Last Updated on August 8, 2020
Restaurants often serve iced lemon tea or carbonated drinks as a set meal package with their dishes such as spaghetti, pizza, burger and chips, fish and chips, steak, etc. It may be a satisfying feeling, to down a cup of ice lemon tea together with a hot meal especially on a hot day.
But after that, do you notice that you feel sleepy, lazy and lethargic?
Long term of taking cold drinks with your meals would result in digestive issues such as bloating, acid reflux and constipation. Maybe a little knee pain or joint pain elsewhere.
In olden Chinese custom, we always have a cup of hot tea to accompany oily meals like fried rice and noodles. If my grandaunt was still alive, she would flip if she ever catches me downing my favourite meal with anything other than warm water or tea.
Does it mean hot Chinese tea or any other tea is good for health?
Chinese tea is best taken with oily meals. Hence if you visit a bak kut teh (pork, with a lot of fatty meat cooked in Chinese herbal mix) restaurant, folks would order the pipping hot dish with Chinese tea of their choice. We have been taught to take Chinese tea with other oily dishes like Hokkien fried and even Western dishes like carbonara, fish and chips, fried chicken and anything with lots of coconut milk or cheese dressing.
However, if you have a relatively bland or “healthy’ diet of plain non oily/spicy food, taking too much tea may work the opposite way. The function of the tea is to wash away the oil from the food to prevent the buildup of sludge and food residues along your digestive track.
The same for the Indian and Punjabi community where a lot of herbs and spices as well as ghee is used in cooking. Hot tea (Ceylonese tea) often accompany their meals. Because of their diet that is very spicy, their body would be ‘heaty’ in nature and tea helps to balance out the effect.
If your diet is already healthy, the Chinese tea or any other form of tea may end up being too ‘corrosive’. You would find yourself developing health condition such as painful joints, pain in kidney/lower back areas and incontinence or pain in your urinary track/womb area as the tea, now not clearing the track, gets absorbed straight into the body.

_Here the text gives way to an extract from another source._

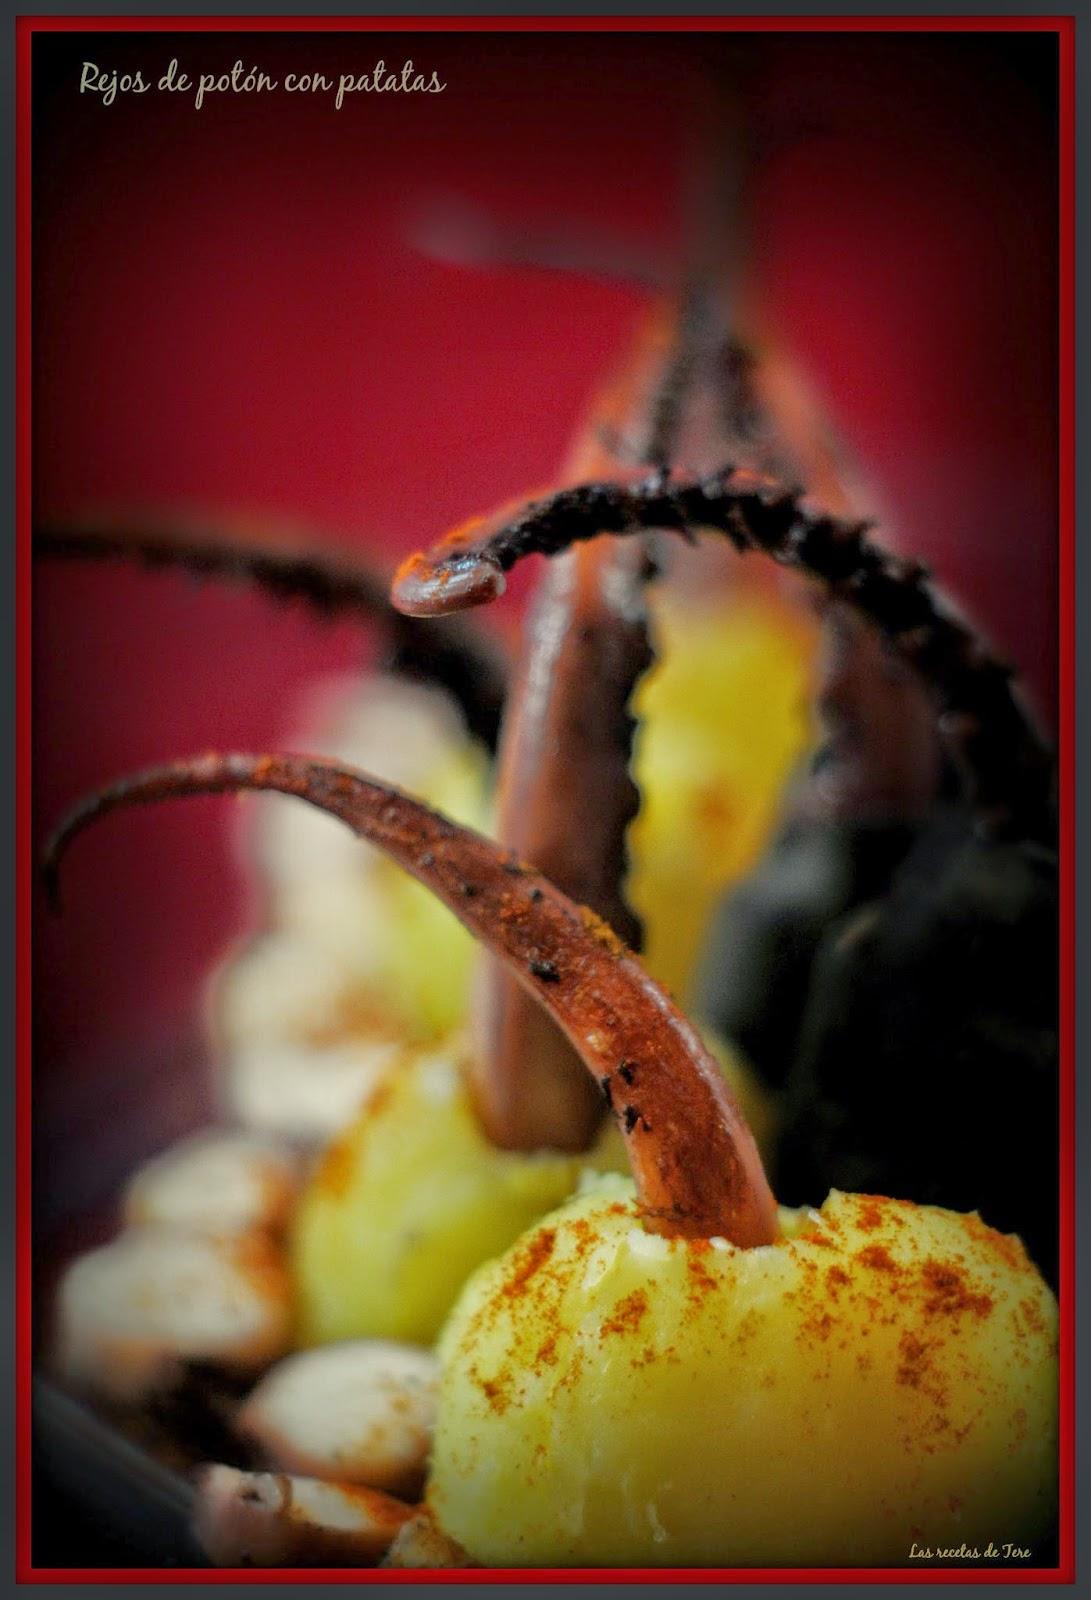 rejos de potón con patatas tererecetas 02

When my brother was young, he disliked drinking water. Basically he drank tea like how people would drink water. He was eating mostly my mom’s cooking which was healthy not oily type of cooking. Because both my parents were working, they were too busy to notice about my brother’s liquid intake habits. With time, my brother grew more and more pale. By the time my brother was about 13 years old, he was diagnosed with childhood anemia. But the only thing the doctors could do is to prescribe iron pills for him.
My mom was determined not to have my brother grow up with this condition. Aside from giving him iron tablets, my mother literally force him to replace his Chinese tea intake with water. She also boiled Chinese soups using pork liver or lungs (which I loathed). With dietary changes, my brother was cleared of anemia within the same year (you can read more about the story in this post).
Can the Chinese tea be taken cold?
No, it must be taken hot. Occasionally if the weather is too hot, alright if you must have your ice lemon tea or iced tea. But as much as you can, refrain from taking them with your meals.
Because if you always have cold drinks with your meals, you will develop issues with your digestive system such as acid reflux, stomach cramps and constipation. Your digestive track needs heat to help digest food and you are doing yourself huge damage by literally pouring cold water into it. With age, you will start feeling it in your joints and develop arthritis. I am not kidding as Chinese healing system always caution against taking cold drinks.
To have an idea how bad cold drinks can be, try pouring iced water on oily dishes such as carbonara and Hokkien fried noddles then see how the water kind of cause fermentation.
Above: Hokkien fried noddles. Yes, it is as delicious as it looks. But we always take it with a cup of hot Chinese tea.
Occasionally, I still have a cup of my favourite iced milk tea but I would avoid taking them with my meals. I would take it about few hours later after my meal, usually on a blazing hot day.
In summary
When taking oily food like fried rice, drink a cup of hot tea to help with your digestion. Avoid cold drinks like iced lemon tea which is commonly offered as a set meal in restaurants. Alternatively, you can also squeeze a little lime on warm water instead of tea.
But if you are eating healthily, then too much of intake of tea may result in the opposite effect. Food can be medicine but if taken in wrong combination, it can end up affecting our health.